# Just Arrived Seiko Snda15 P1



## mungosdad (Sep 22, 2007)

After much deliberating on this watch and the orange monster, I finally settled on the snda15. It arrived today, and here are a few snaps.

You'll have to forgive the quality of the pictures but i really dont know what I'm doing with a camera. I have a lot of problems trying to focus in the close ups.

this is it










Its a big watch, here it is compared to one of my others










it has a wet suit extension










lume










on the wrist










I'm not to sure about keeping it, I've worn it for about an hour but the size of feels uncomfortable, plus the huge crown digs at the top of my hand.

Love to know what you guys think of it.

mungosdad


----------



## minkle (Mar 17, 2008)

That is a beast isnt it!

Nice :thumbsup:


----------



## mrteatime (Oct 25, 2006)

like that....


----------



## Alexus (Apr 9, 2003)

It's a beauty.

If the crown digs in - wear it on your right.


----------



## mungosdad (Sep 22, 2007)

Alexus said:


> It's a beauty.
> 
> If the crown digs in - wear it on your right.
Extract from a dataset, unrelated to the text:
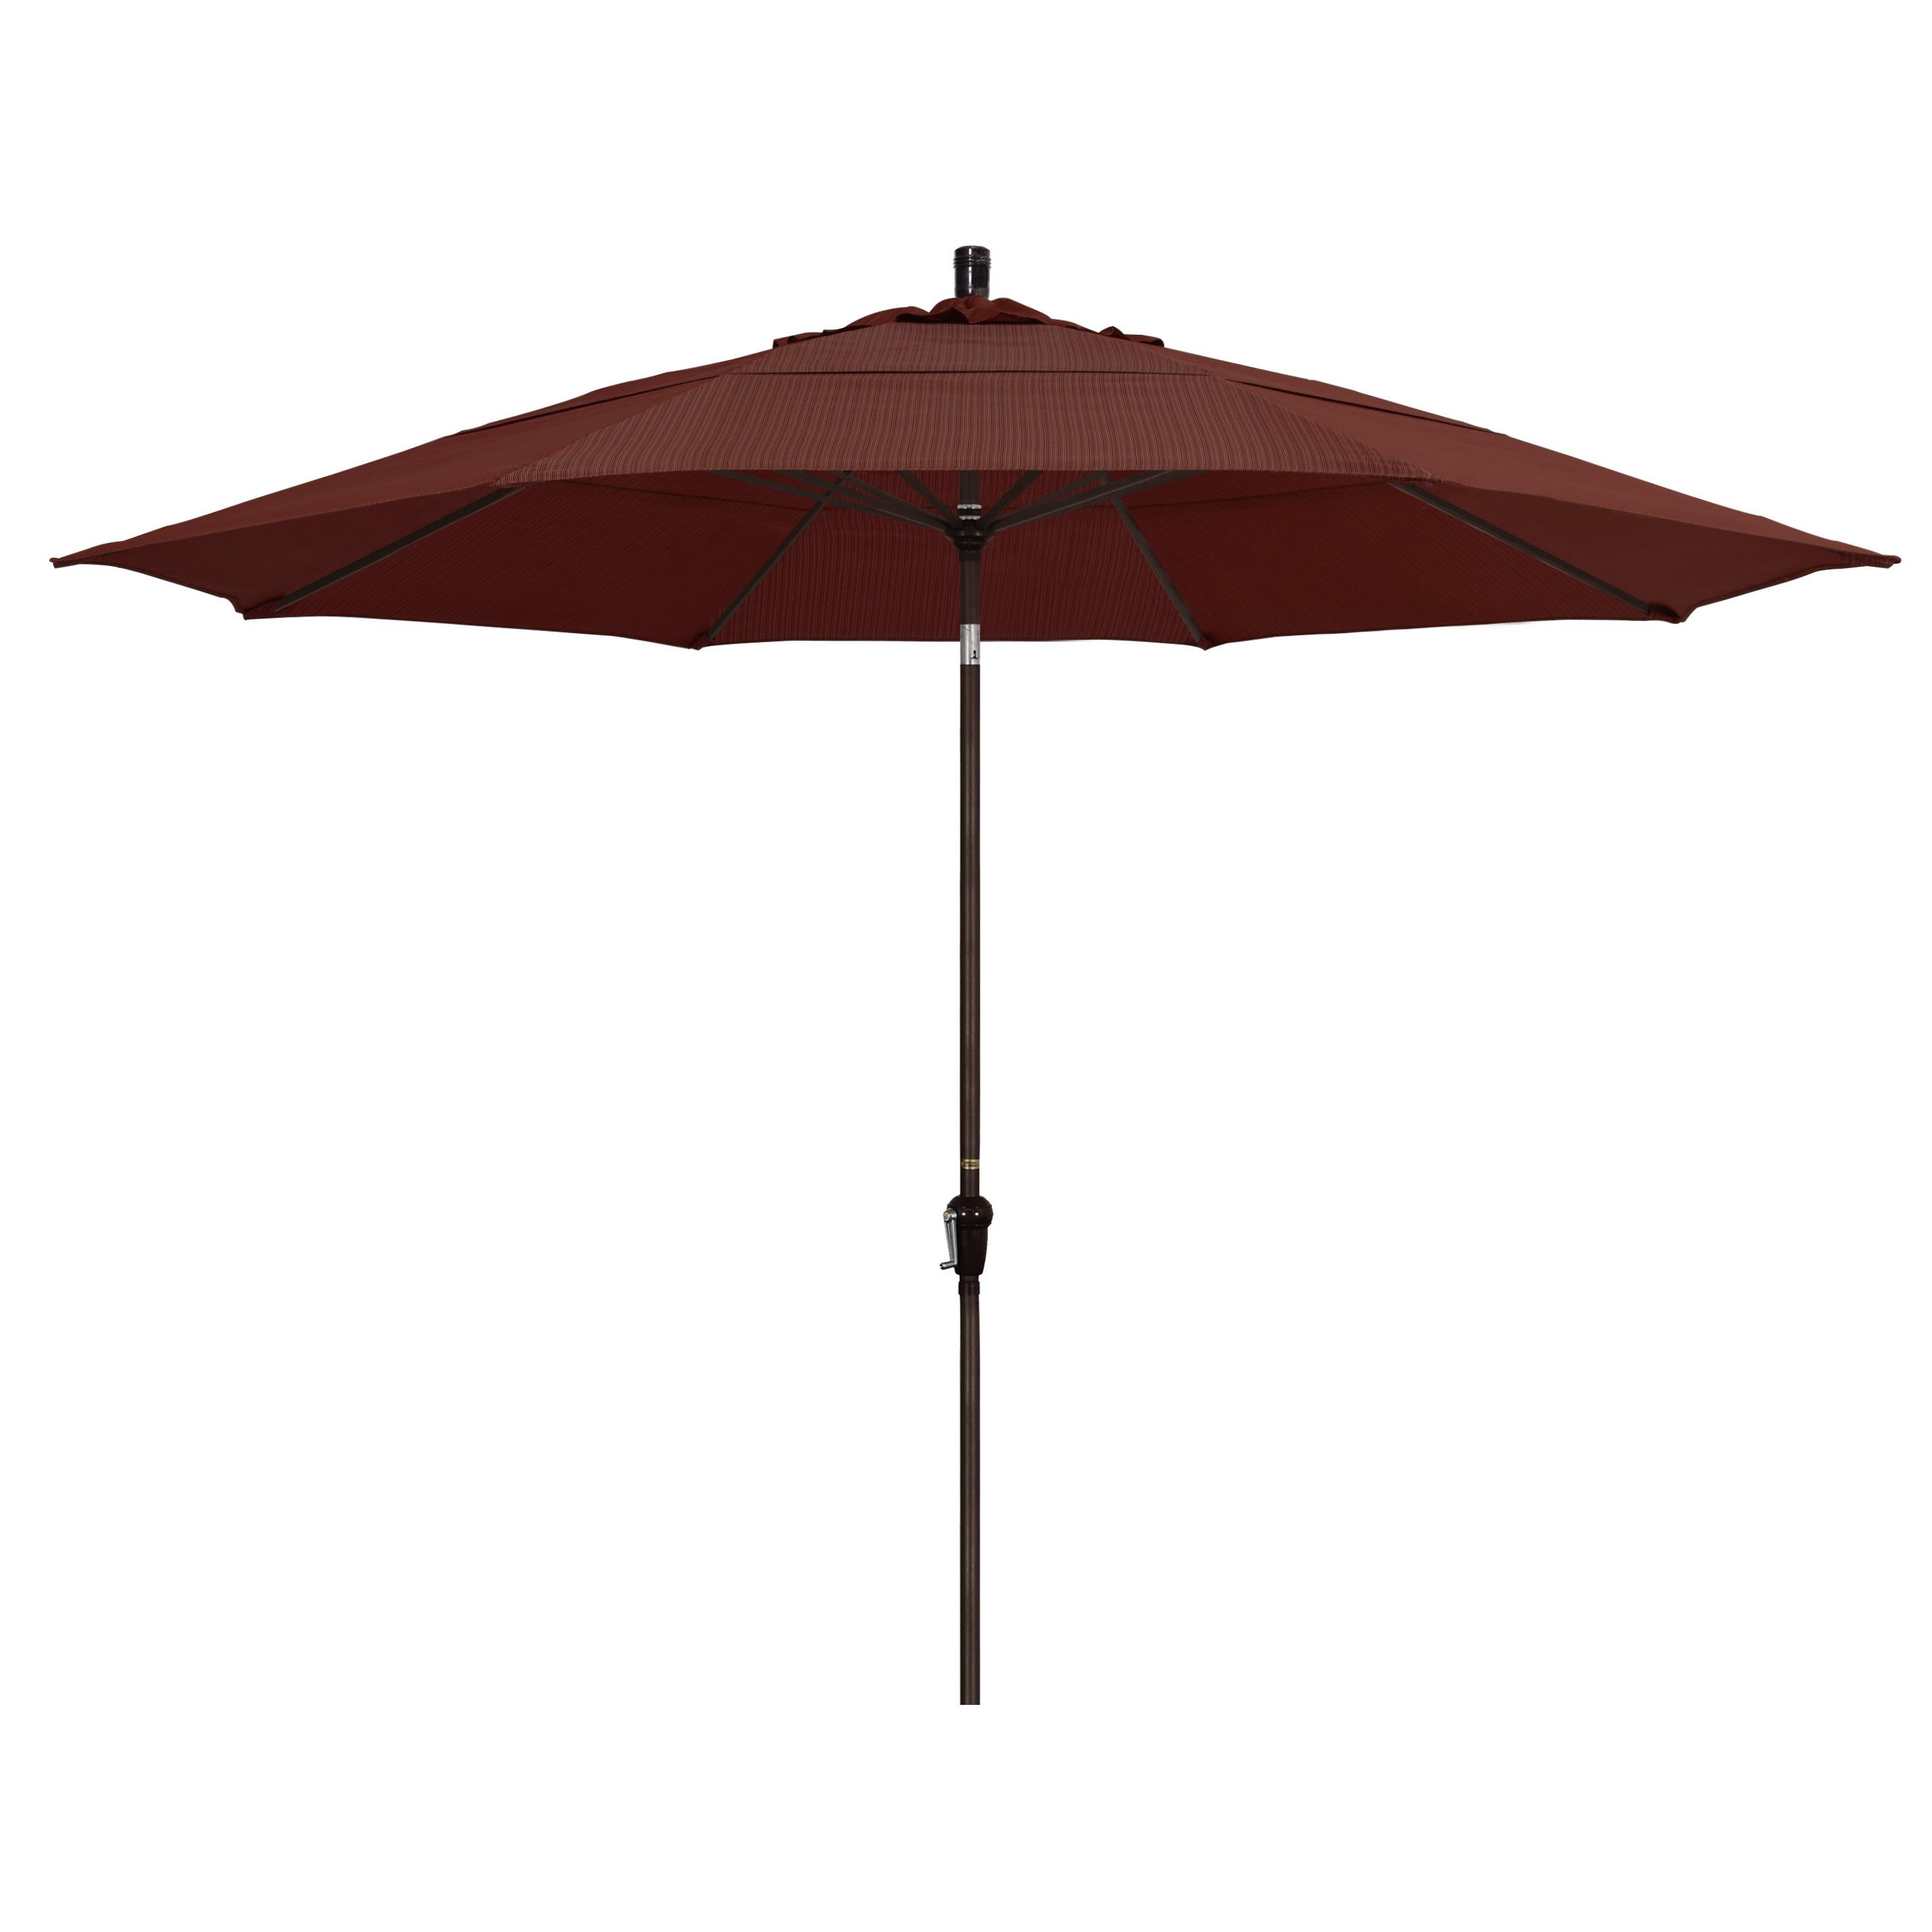 Mullaney Beachcrest Home Market Umbrellas In 2020 Mullaney 11' Market Umbrella (Gallery 3 of 20)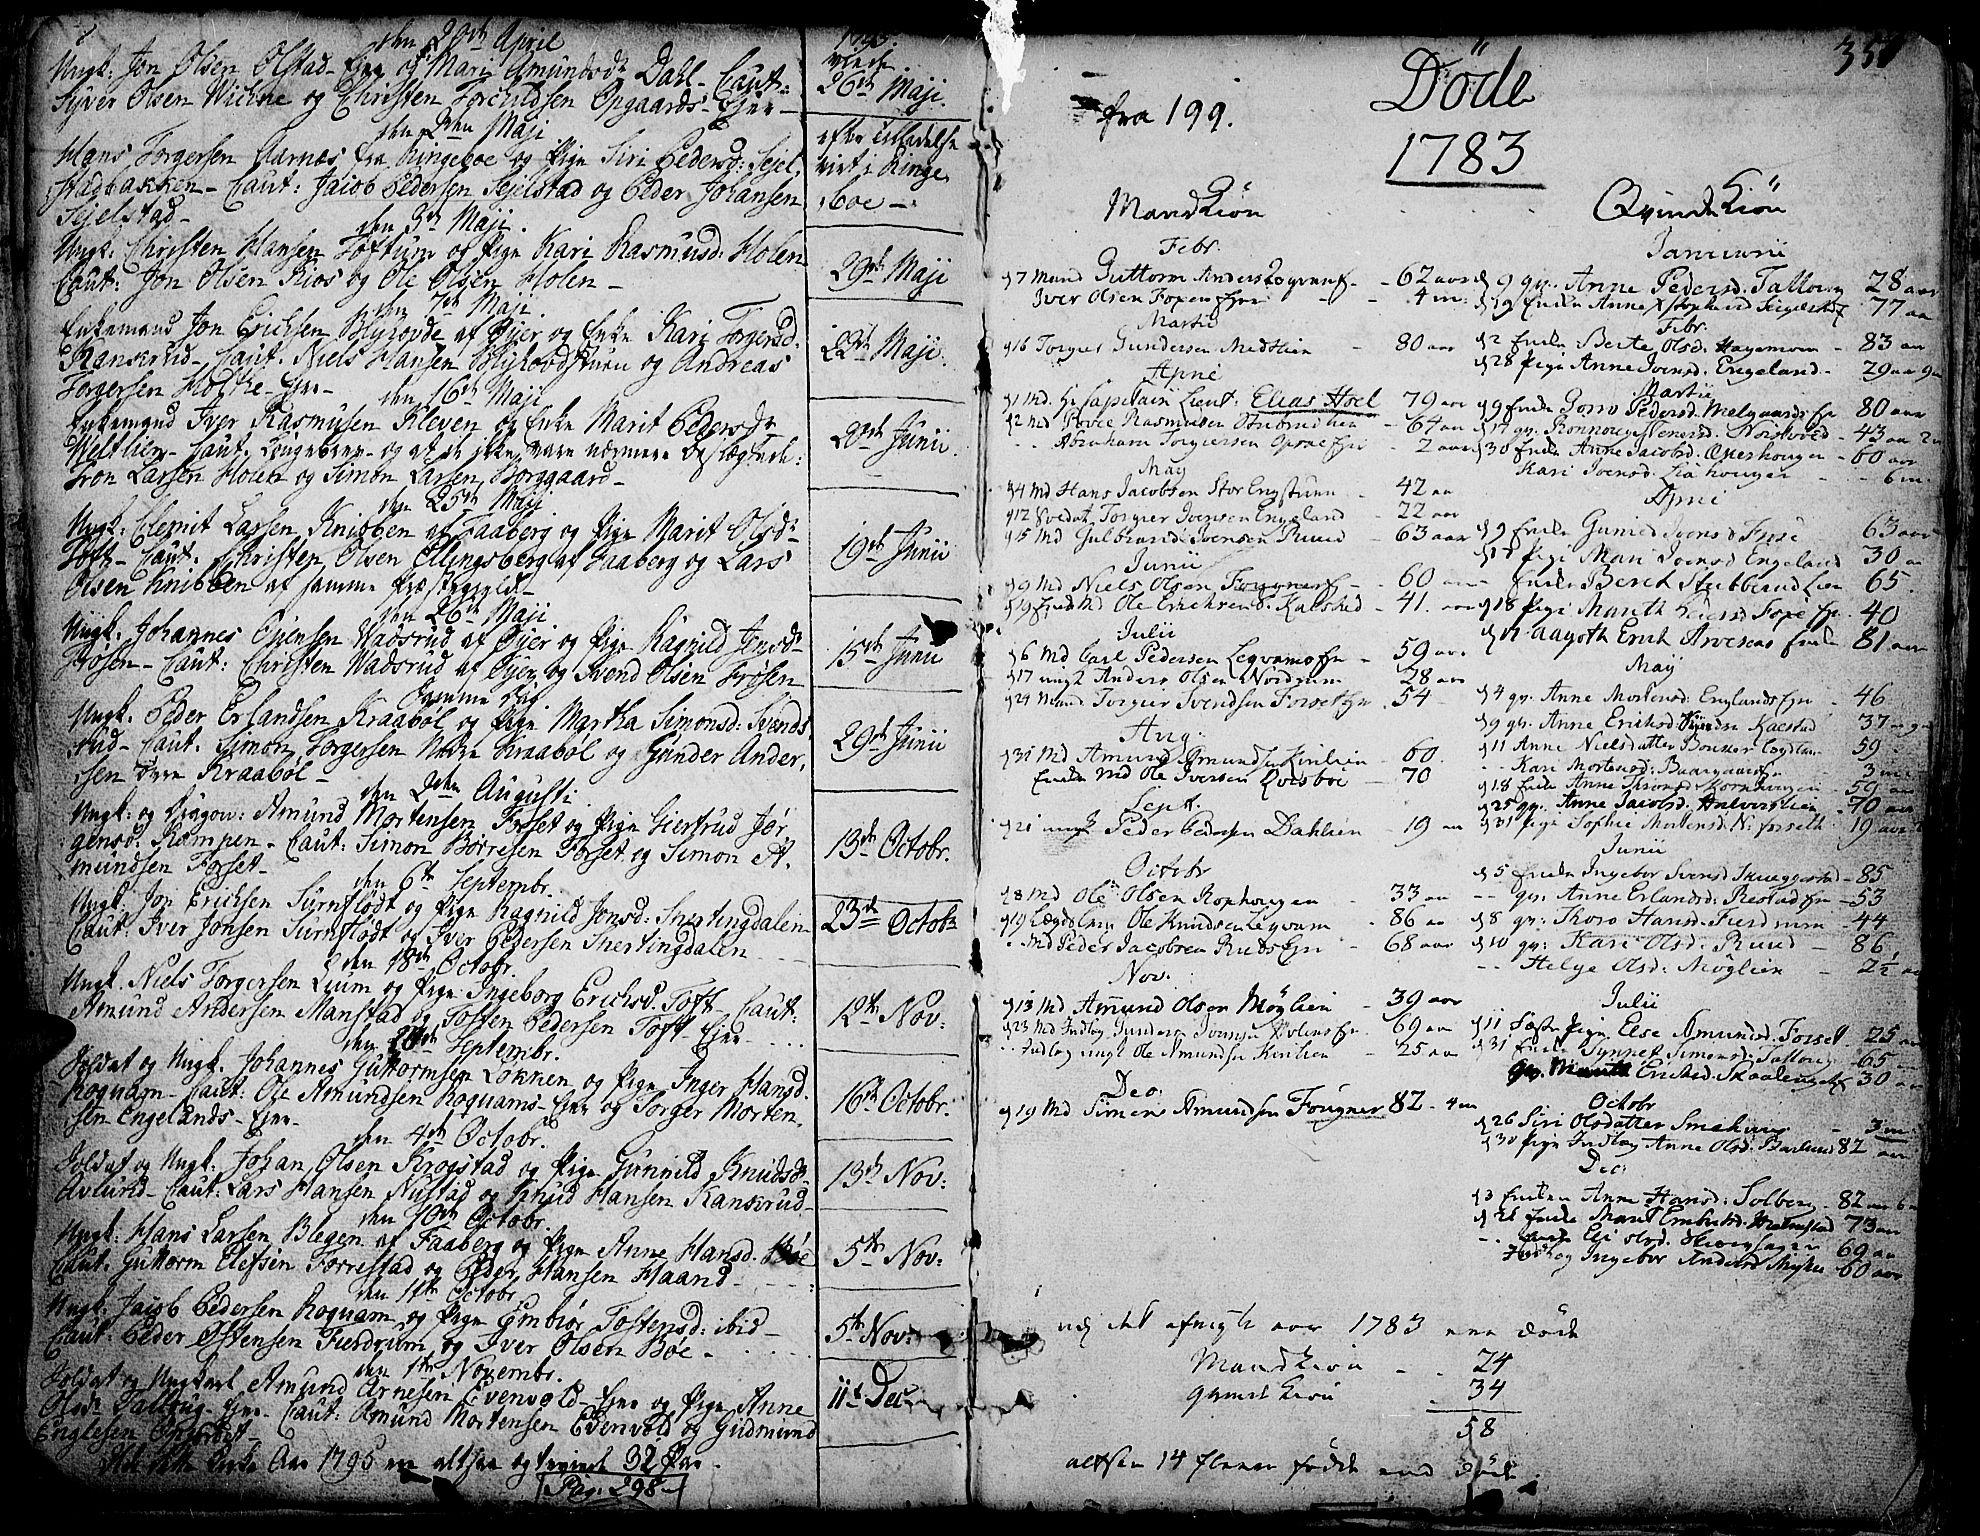 SAH, Gausdal prestekontor, Ministerialbok nr. 3, 1758-1809, s. 351

I wouldn't be able to wear it my right, just wouldn't feel right.


----------



## PaulBoy (Dec 2, 2007)

minkle said:


> That is a beast isnt it!
> 
> Nice :thumbsup:


What minkle said ...

Re the pics - are you using a tripod? - even with a compact digicam its almost essential as you can crank up the aperture

(which means better depth of field so more of the watch is in focus) - you can use a remote or timer so you dont touch the

camera when it fires so blur is eliminated

Paul :thumbsup:


----------



## minkle (Mar 17, 2008)

I was eyeing up one similar,until i saw the size,49mm including the crown,45mm without,just too big for me :cry2:


----------



## mrteatime (Oct 25, 2006)

where from and how much? seems about right for me


----------



## minkle (Mar 17, 2008)

Sent you a PM, its a beauty


----------



## mrteatime (Oct 25, 2006)

now....it is a beaut....this or the marathon sar?


----------



## minkle (Mar 17, 2008)

Seiko, i want to see more pics of it now i cant have one


----------



## mrteatime (Oct 25, 2006)

the only problem (for me) i can see (and i really cant see to well in the pics) is that the bracelet looks integral.....


----------



## minkle (Mar 17, 2008)

I didnt think it did,its like a monsters :blink: ?


----------



## mrteatime (Oct 25, 2006)

just contacted the seller on the bay....and its 22mm


----------



## mungosdad (Sep 22, 2007)

mrteatime said:


> where from and how much? seems about right for me


the bracelet is not integral.


----------



## mungosdad (Sep 22, 2007)

PaulBoy said:


> minkle said:
> 
> 
> > That is a beast isnt it!
> ...


 I wasn't using a tripod. I'll have to get one and try some more shots.


----------



## mungosdad (Sep 22, 2007)

mrteatime said:


> where from and how much? seems about right for me


got it from timeparadise on fleabay. The delivery from Singapore took about 9 days.


----------



## mrteatime (Oct 25, 2006)

mungosdad said:


> mrteatime said:
> 
> 
> > where from and how much? seems about right for me
> ...


could you email me mungosdad?

shawngreen(at)tiscali(dot)co(dot)uk

or through my profile


----------



## PhilM (Nov 5, 2004)

Good choice, can't go wrong with Seiko espeically for the value and quality... also not a Monster :thumbsup:


----------



## rev (Oct 12, 2007)

mungosdad said:


> After much deliberating on this watch and the orange monster, I finally settled on the snda15. It arrived today, and here are a few snaps.
> 
> You'll have to forgive the quality of the pictures but i really dont know what I'm doing with a camera. I have a lot of problems trying to focus in the close ups.
> 
> ...


Hi mate if the crown digs in try putting a nato strap on it, it should lift the watch head up just enough so it doesn't hurt.

Andy


----------



## minkle (Mar 17, 2008)

A nato wouldnt be able to handle that beast!


----------



## pimpdriver (Mar 18, 2009)

minkle said:


> A nato wouldnt be able to handle that beast!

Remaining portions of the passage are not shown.